**Exercise details**
Please repeat exactly the lines below from the line with "Doppler-Effekt poster by" to the line with "Pioneer Conexión del", including both, and leave out every picture.

**Extracted data**
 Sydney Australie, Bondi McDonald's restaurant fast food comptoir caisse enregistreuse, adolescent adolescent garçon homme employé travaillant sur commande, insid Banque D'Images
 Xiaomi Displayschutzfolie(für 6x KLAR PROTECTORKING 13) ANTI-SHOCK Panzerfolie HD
...
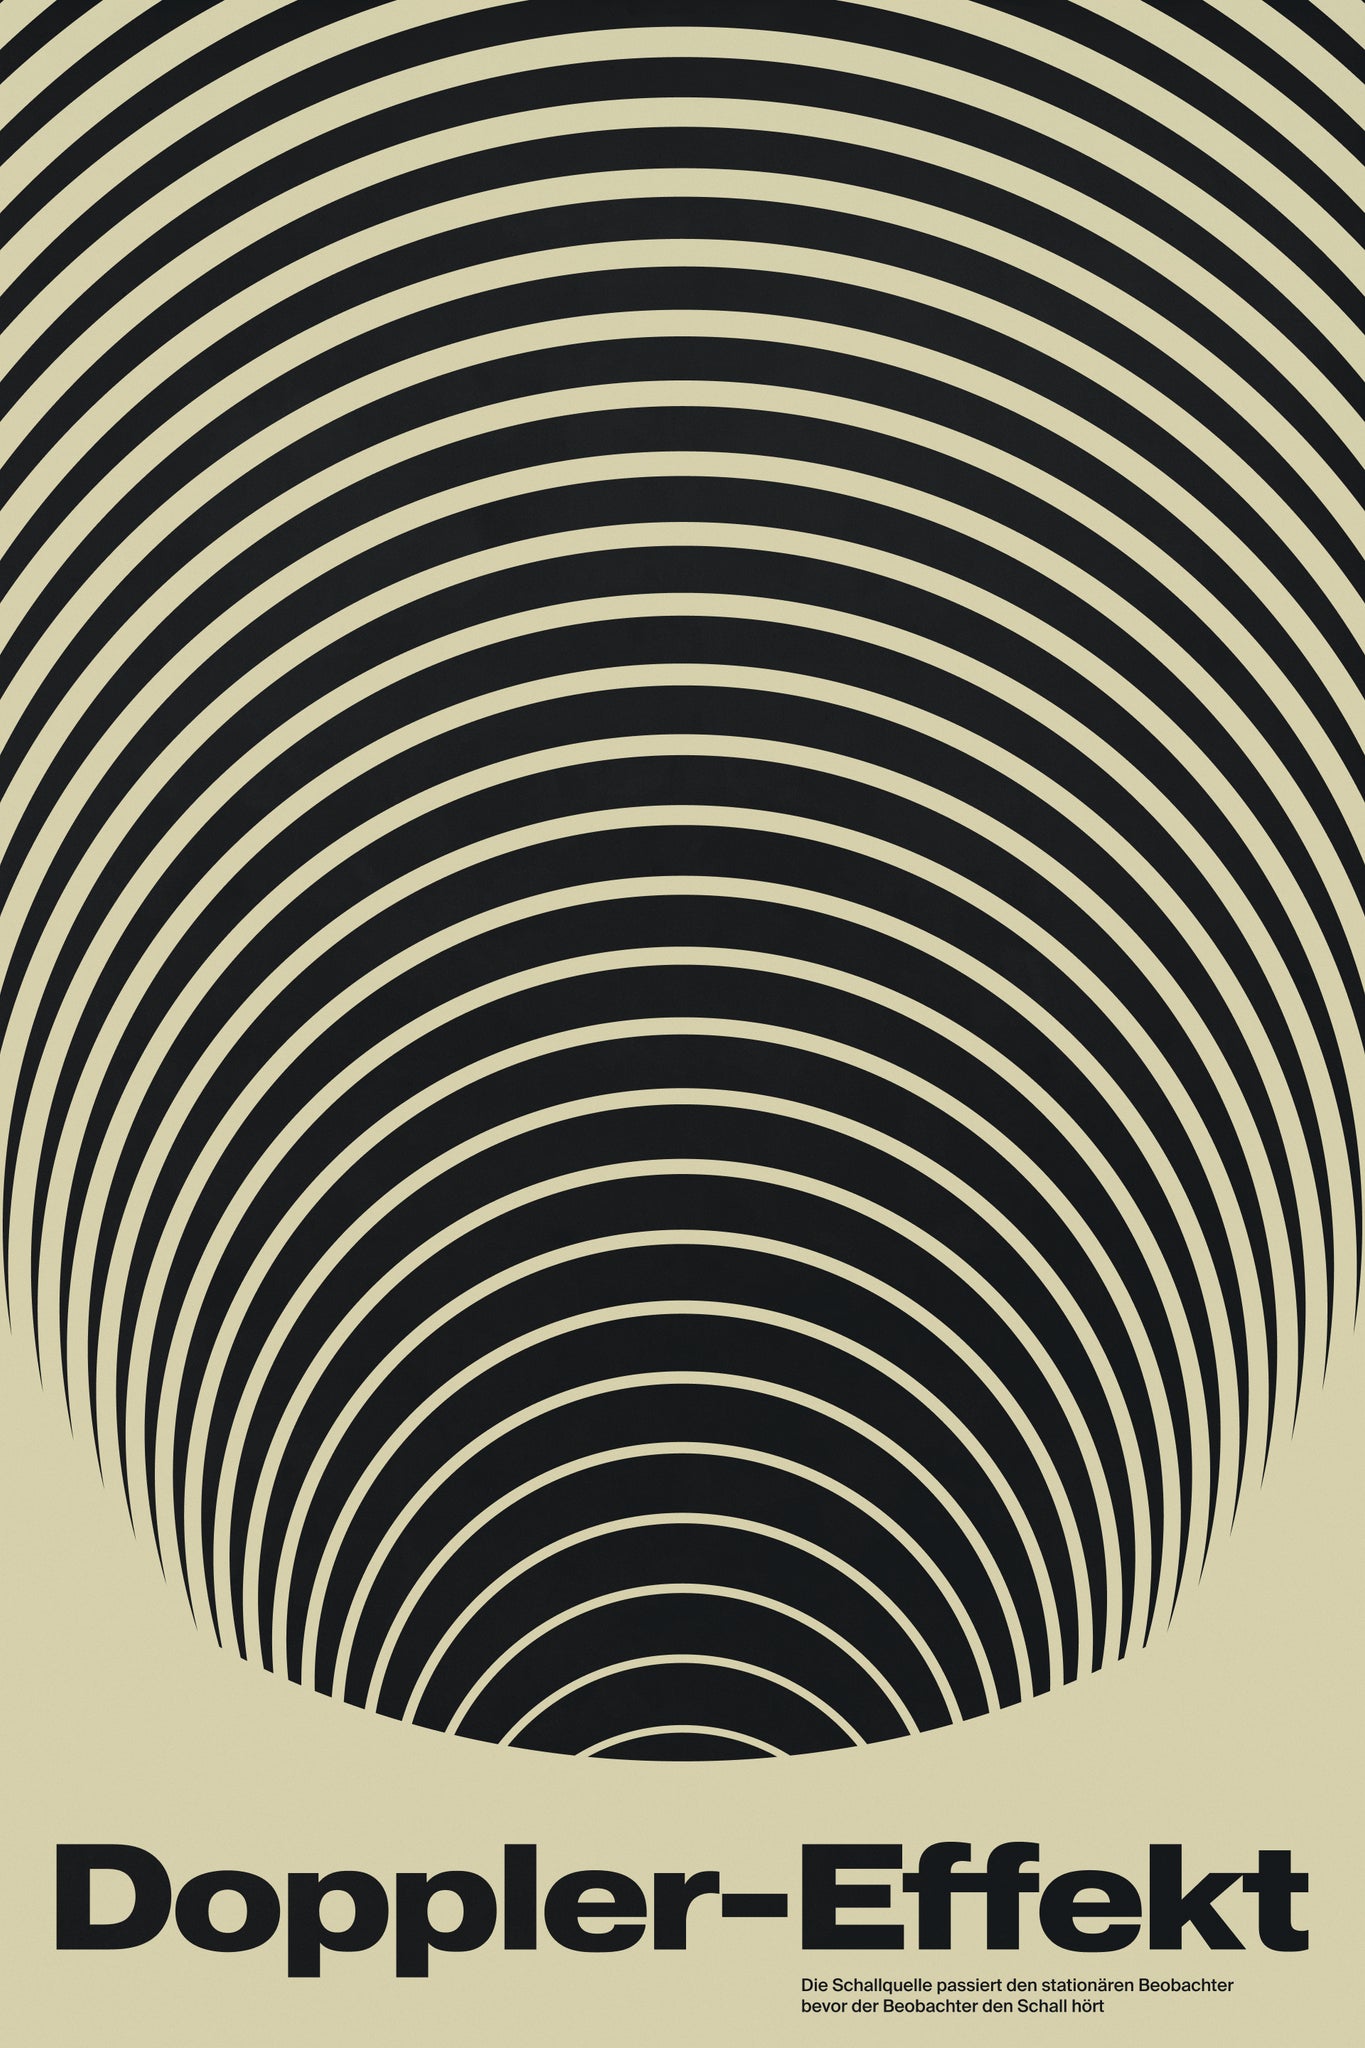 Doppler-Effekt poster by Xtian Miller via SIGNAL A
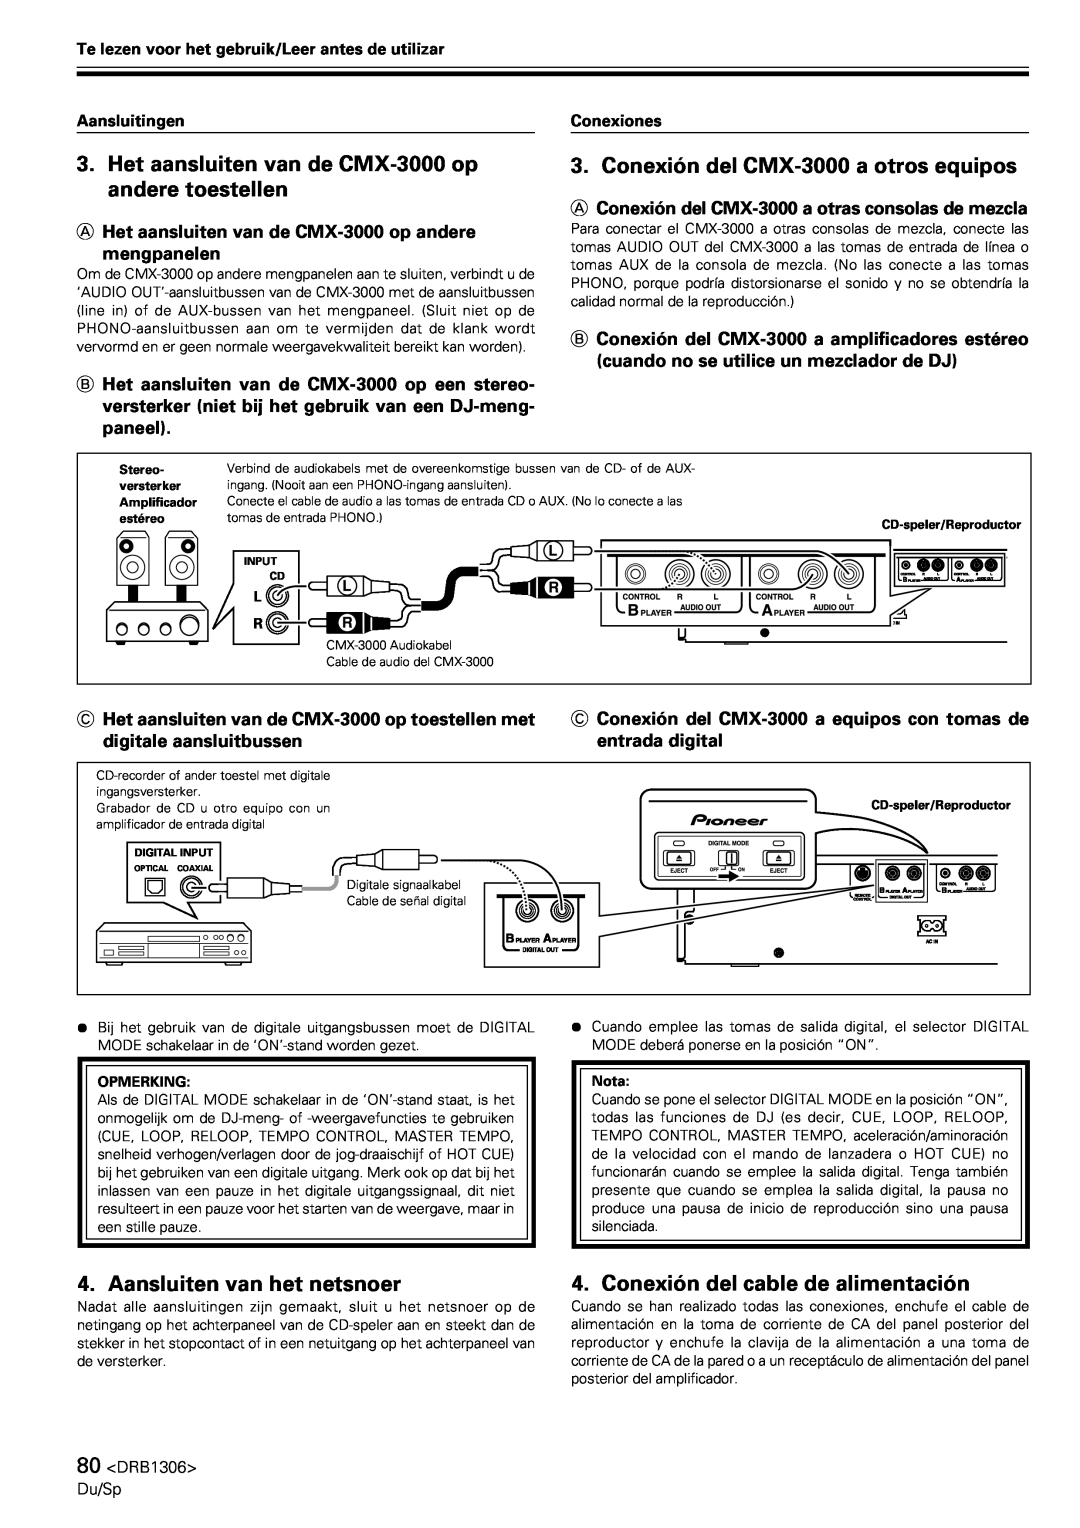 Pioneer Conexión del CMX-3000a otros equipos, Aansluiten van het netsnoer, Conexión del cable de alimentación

**Response**
 Doppler-Effekt poster by Xtian Miller via SIGNAL A
 Pioneer Conexión del CMX-3000a otros equipos, Aansluiten van het netsnoer, Conexión del cable de alimentación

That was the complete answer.